Work instructions: Reproduce the listing that follows in full. Omit its images.

Collected material:

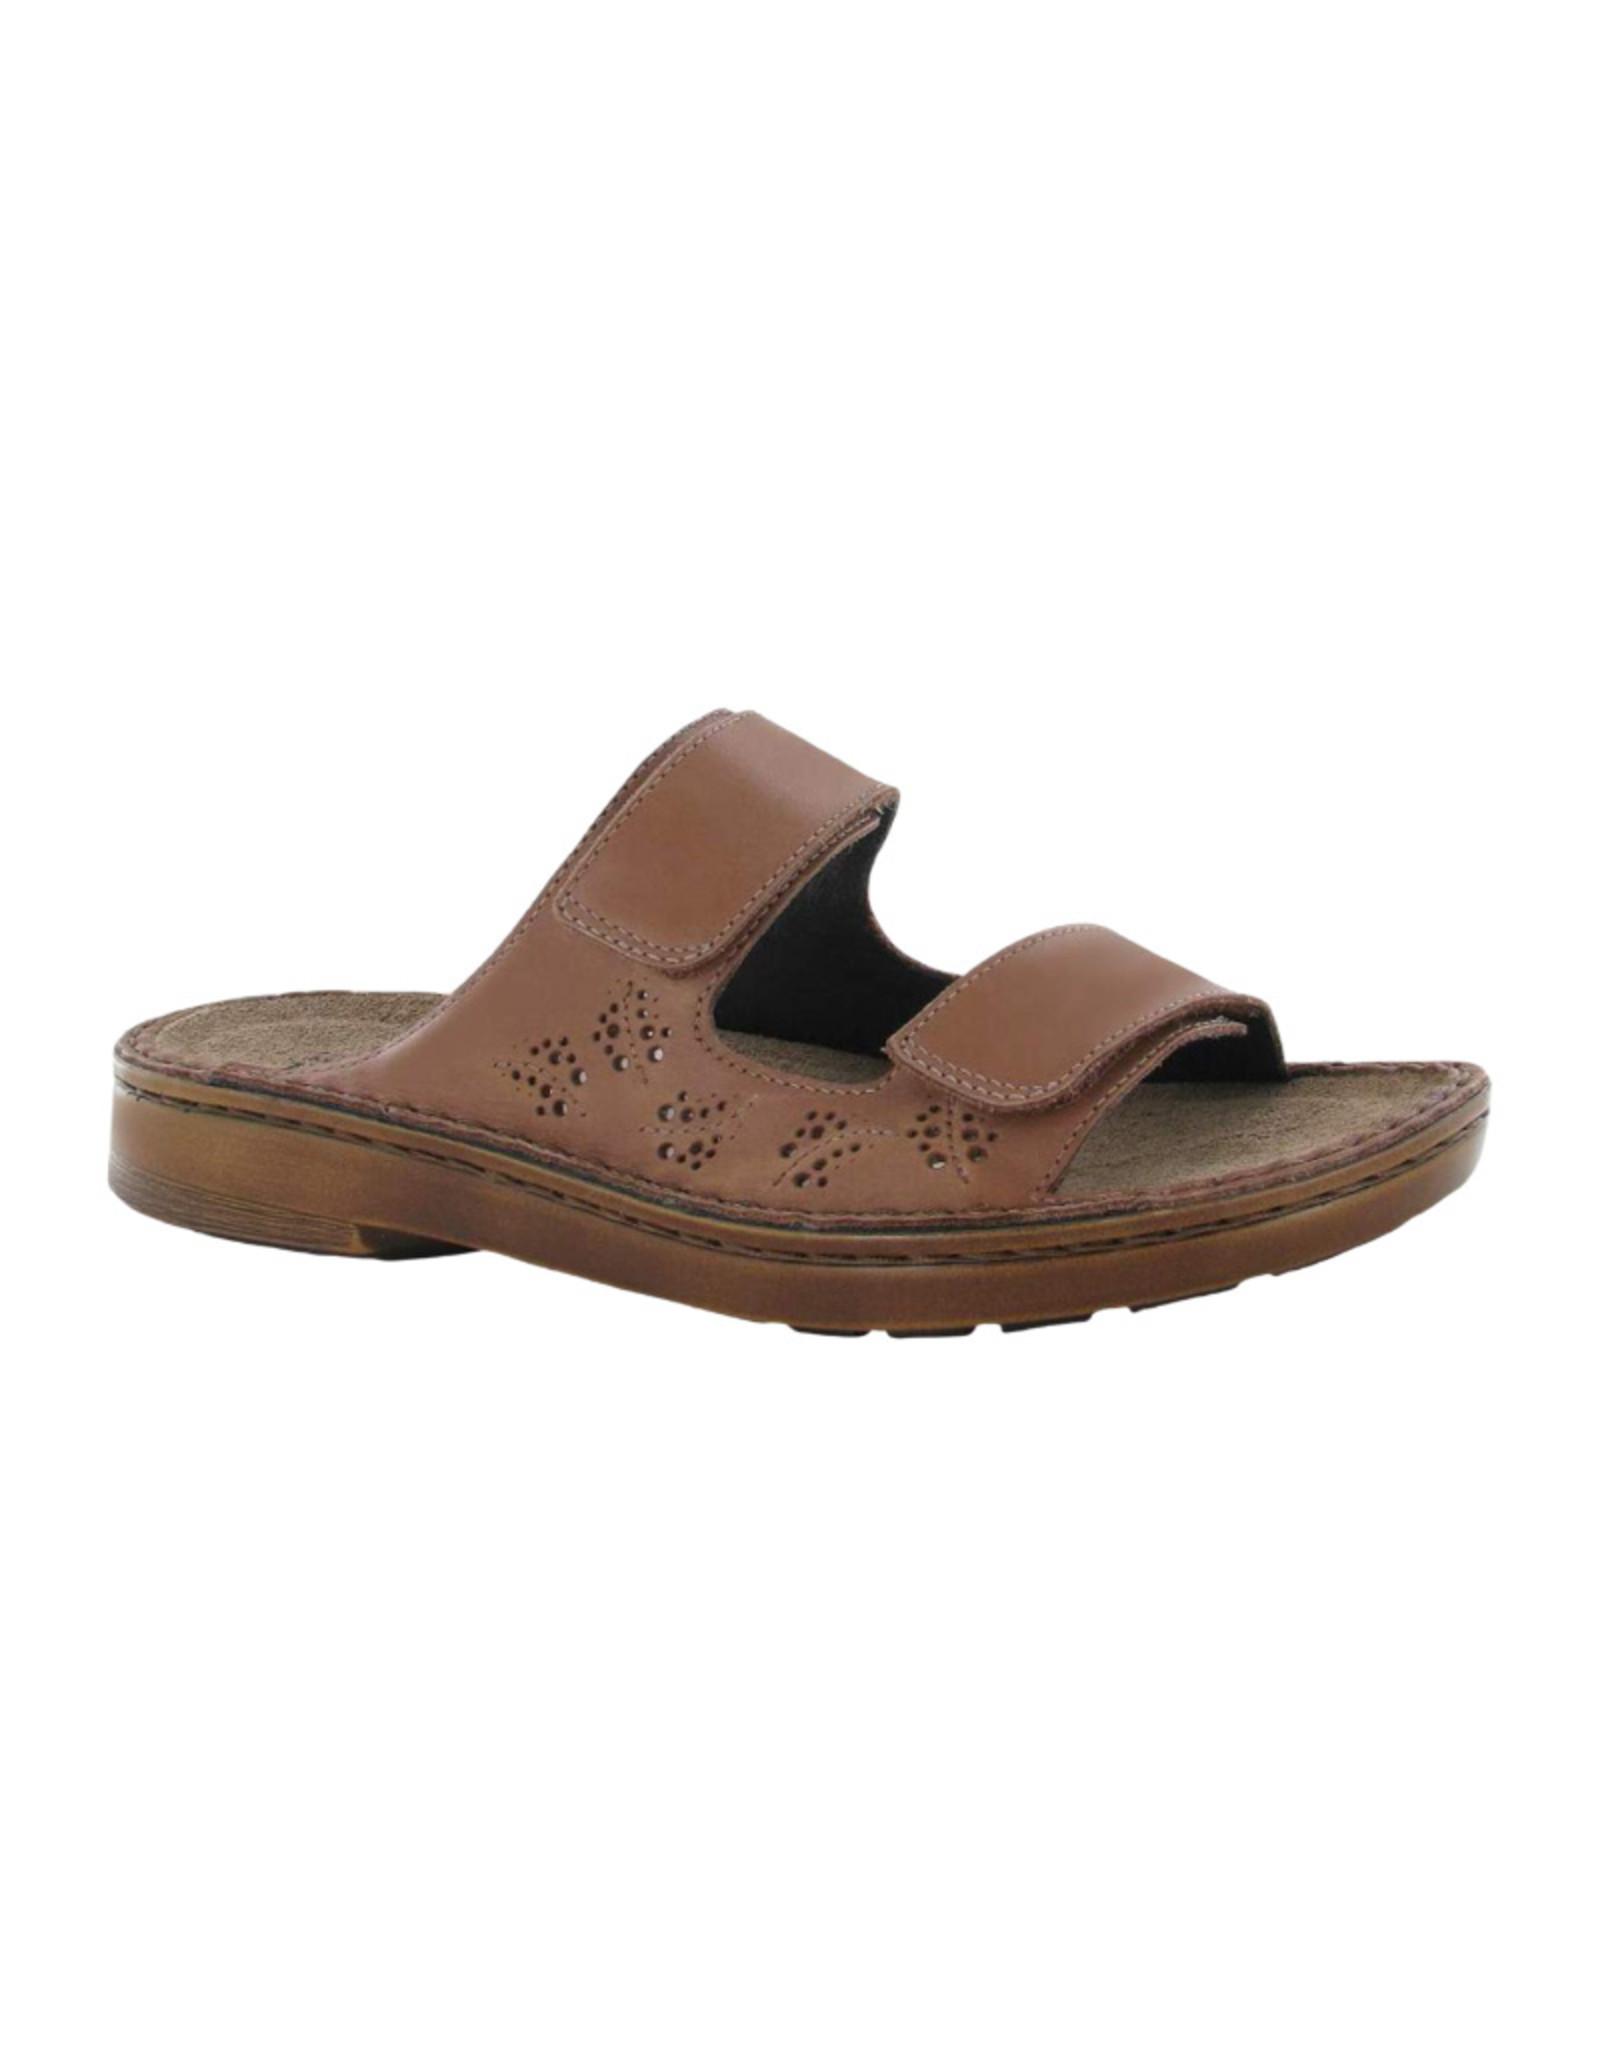 Naot Footwear Naot Trancoso Leather Slip On
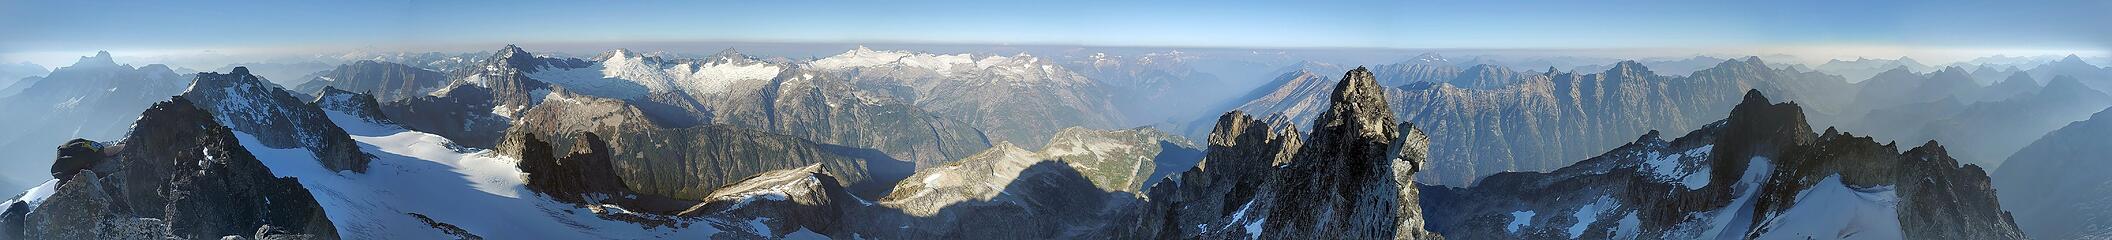 Summit Panorama, stitched by Google
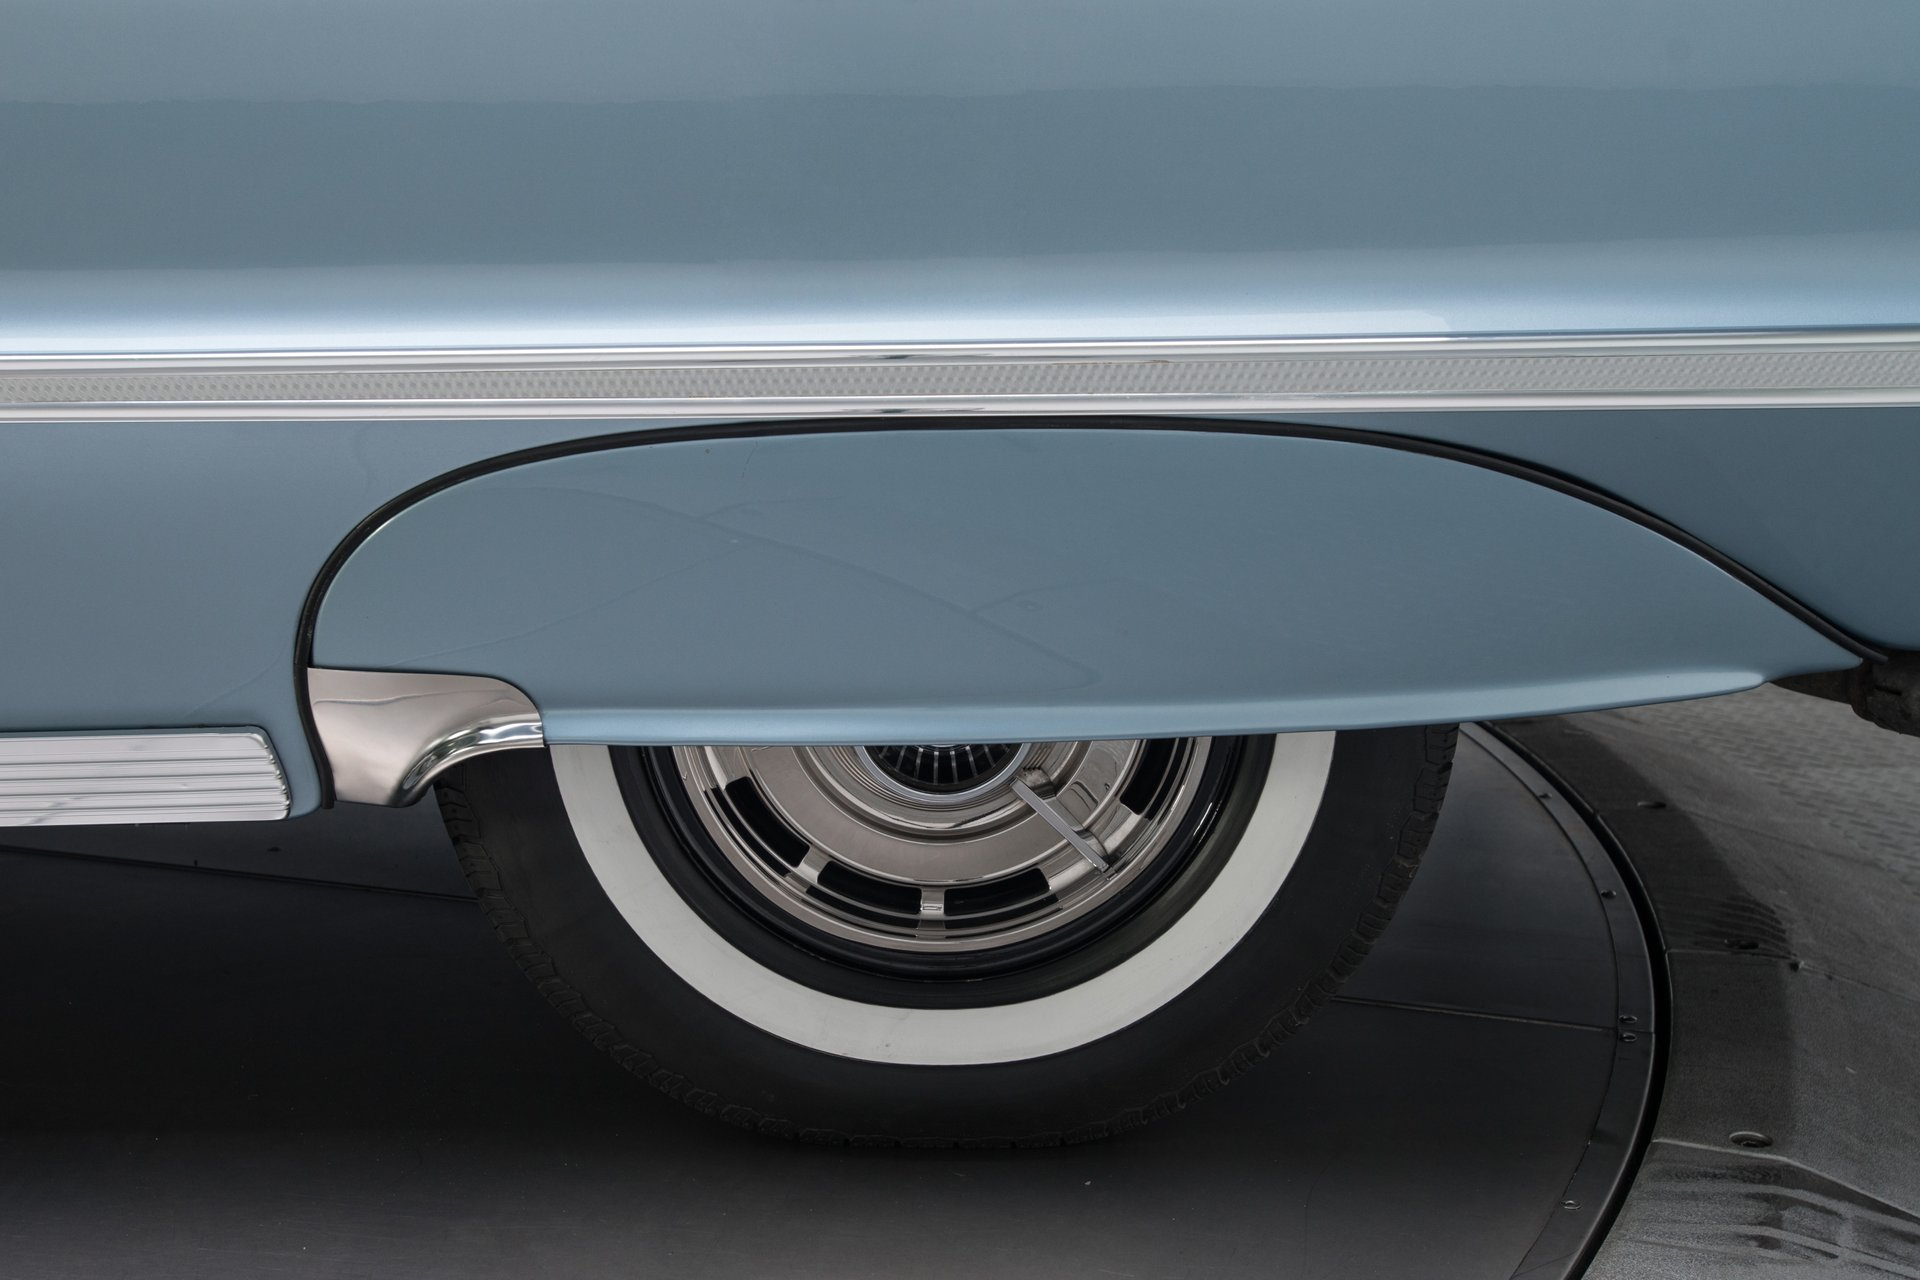 135129 1963 Chevrolet Impala RK Motors Classic Cars for Sale
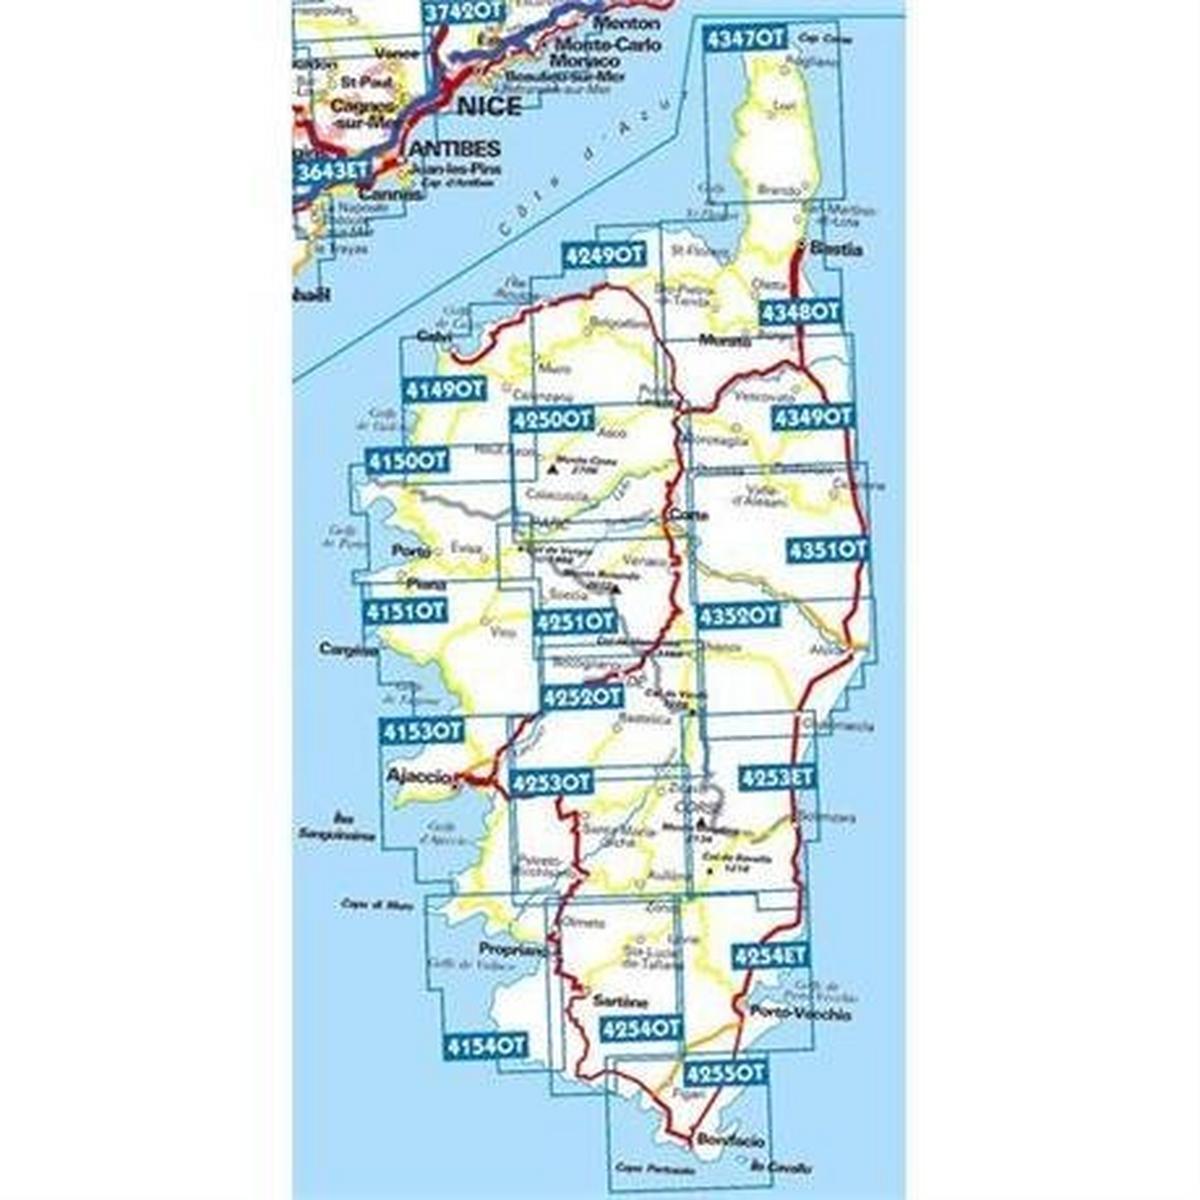 Ign Maps France Map 4253 OT Corsica: Petreto Bicchisano 1:25,000

Result:
 Naot Footwear Naot Trancoso Leather Slip On
 Summit Panorama, stitched by Google
 135129 1963 Chevrolet Impala RK Motors Classic Cars for Sale
 Ign Maps France Map 4253 OT Corsica: Petreto Bicchisano 1:25,000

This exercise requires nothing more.